The source code for each version of YOLO, as well as pre-trained models, is available for download.

The official repository DarkNet GitHub, which contains the source code for the YOLO version mentioned in the paper, is written in C. The repository also provides a step-by-step tutorial that teaches you how to use code for object detection.

Implementing the model from scratch can be challenging, especially for novices, because many custom model elements need to be developed for training and prediction. For example, even working directly with a pre-trained model requires complex code to extract and interpret the predictive bounding boxes of the model’s output.

Instead of writing code from scratch, we can use code implemented by third parties. There are many third-party implementations designed to use YOLO in Keras, but none are standardized and designed to be used by libraries.

The YAD2K project is a de facto YOLOv2 standard that provides scripts to convert pre-trained weights into Keras format, make predictions using pre-trained models, and provide the code required to extract explanatory prediction bounding boxes. Many other third-party developers have used this code as a starting point and updated it to support YOLOv3.
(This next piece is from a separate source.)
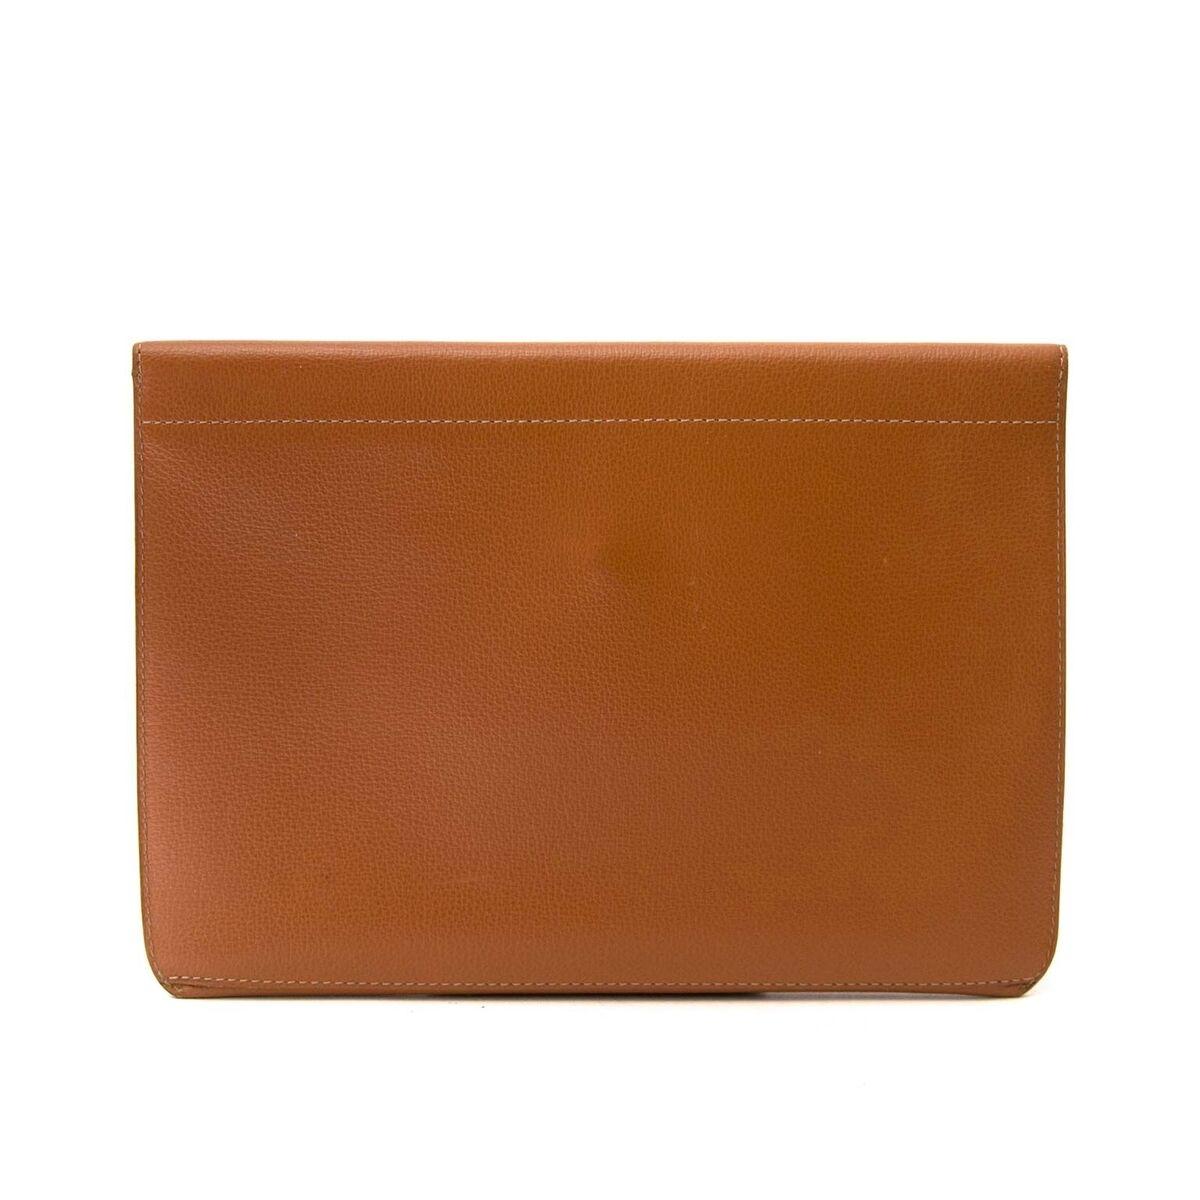 Koop authentieke tweedehands Delvaux bags aan een eerlijke prijs bij LabelLOV. Veilig online shoppen.

Probably the most widely used project using the pre-trained YOLO model is “Keras-Yolo3: Training and Detecting Objects with Yolo3”, developed by Huynh Ngoc Anh, also known as Experiencor. The code in this project is available under an MIT open Source license. Like YAD2K, the project provides scripts that can be used to load and use pre-trained YOLO models, as well as develop YoloV3-based transfer learning models on new data sets.

Experiencor also has a Keras-Yolo2 project, which has code similar to YOLOv2, as well as detailed tutorials on how to use the repository code. Keras-yolo3 appears to be an updated version of this project.

Interestingly, Experiencor has run experiments based on this model, training versions of YOOLOv3 on standard object detection problems such as kangaroo datasets, racoon datasets, red blood cell tests, and so on. He lists the results of the model, gives weights for downloading, and even publishes a YouTube video showing the results. Such as:

• Raccoon Detection using YOLO 3

This tutorial is based on Experiencor’s Keras-Yolo3 project, using YOLOv3 for object detection.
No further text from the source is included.